*INSTRUCTIONS FOR THE TASK*
Your job with the data below is to output exactly the lines from the one holding "Flawless compact" down to the one holding "Londoners use Aldwych", both included, and no others.

*INPUT DATA*
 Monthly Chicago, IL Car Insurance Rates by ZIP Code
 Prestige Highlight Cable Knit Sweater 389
--
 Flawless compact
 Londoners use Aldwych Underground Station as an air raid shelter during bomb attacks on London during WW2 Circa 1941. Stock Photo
==
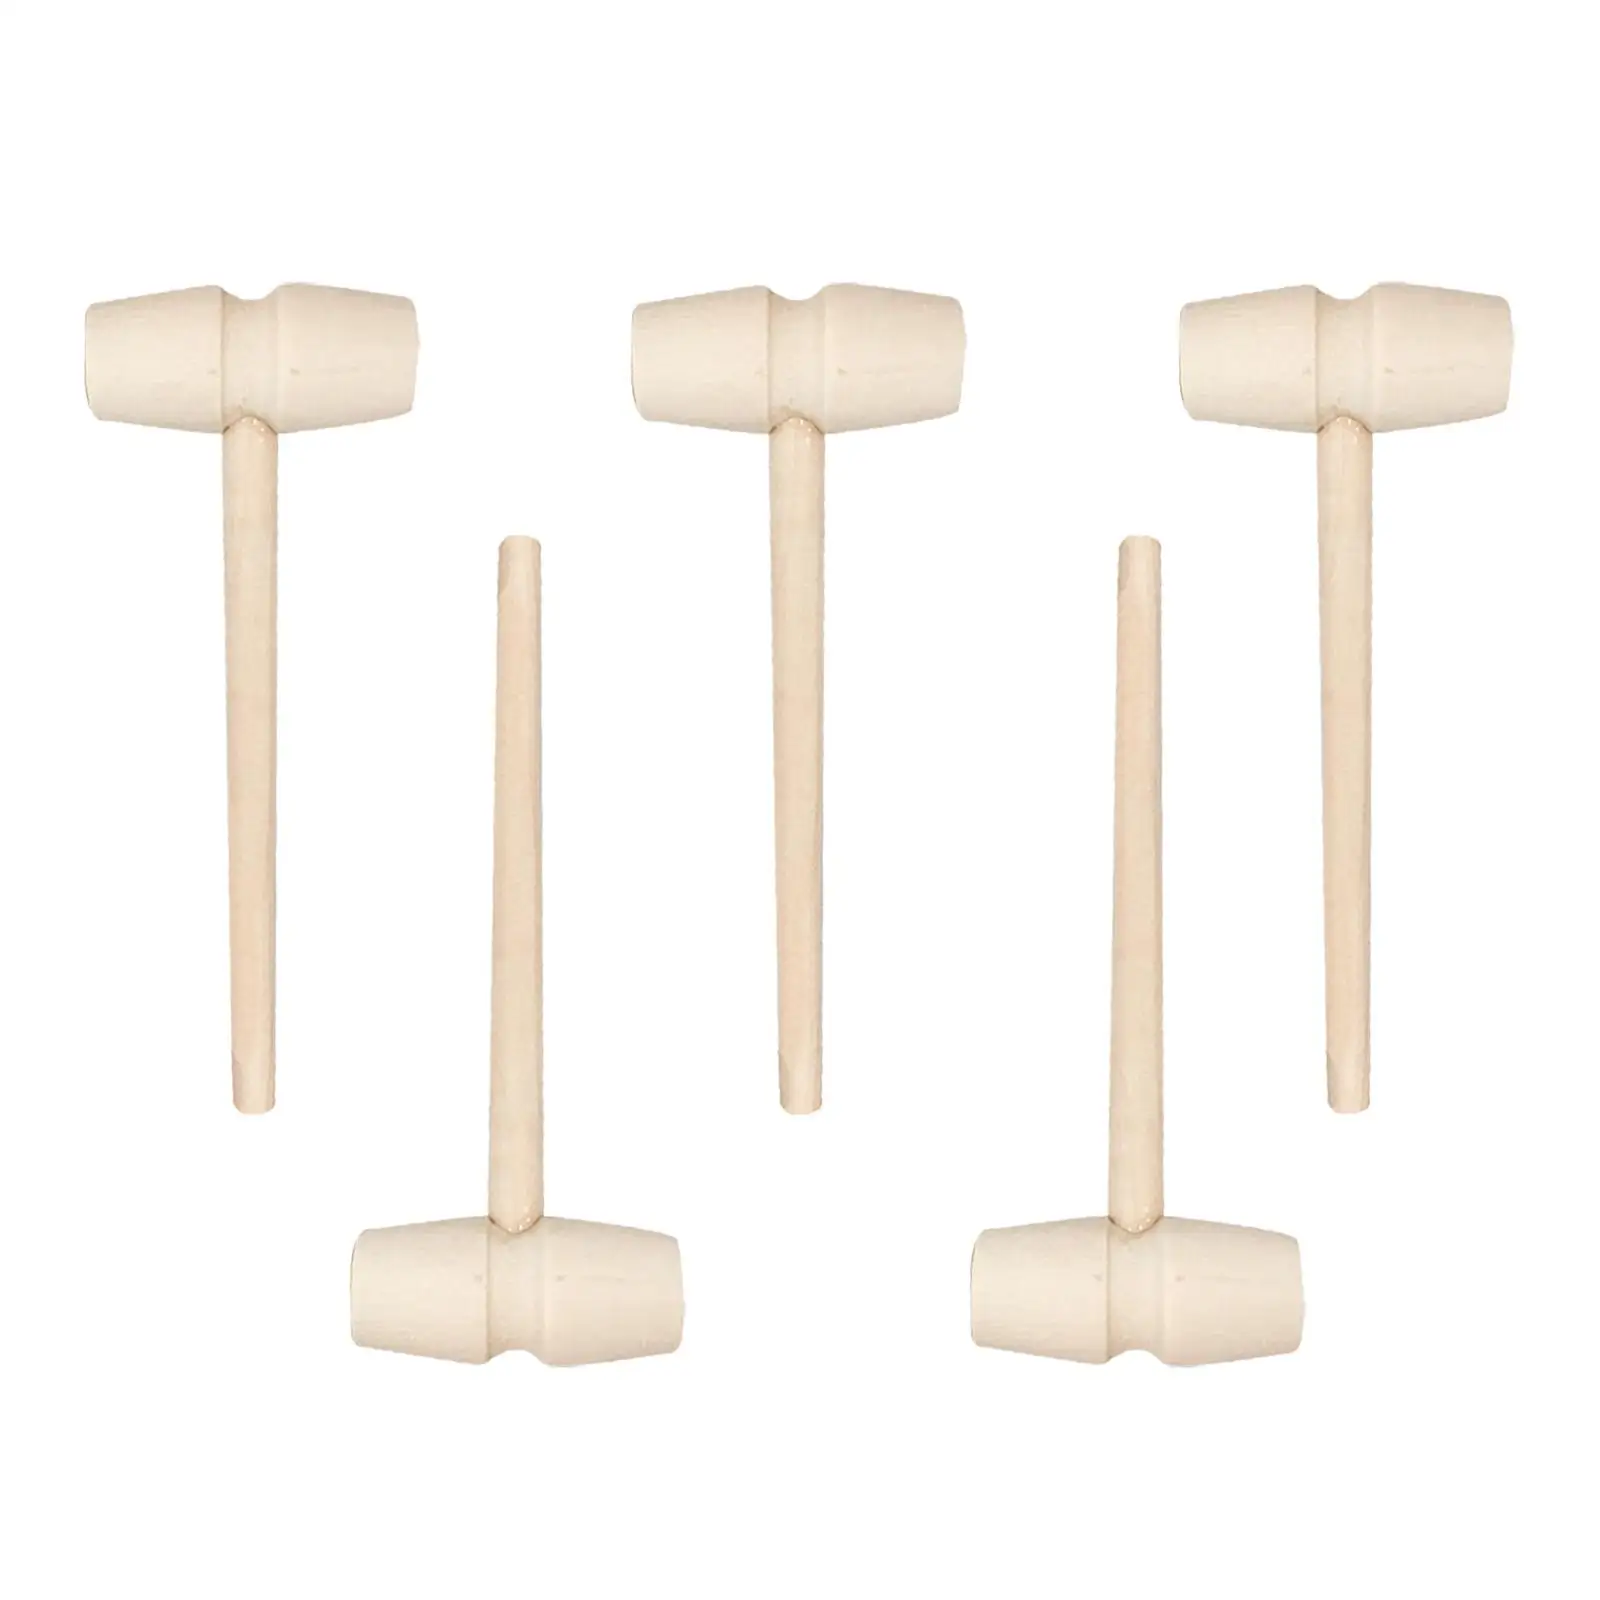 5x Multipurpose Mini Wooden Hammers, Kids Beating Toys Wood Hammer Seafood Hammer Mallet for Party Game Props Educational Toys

*RESPONSE TO THE TASK*
 Flawless compact
 Londoners use Aldwych Underground Station as an air raid shelter during bomb attacks on London during WW2 Circa 1941. Stock Photo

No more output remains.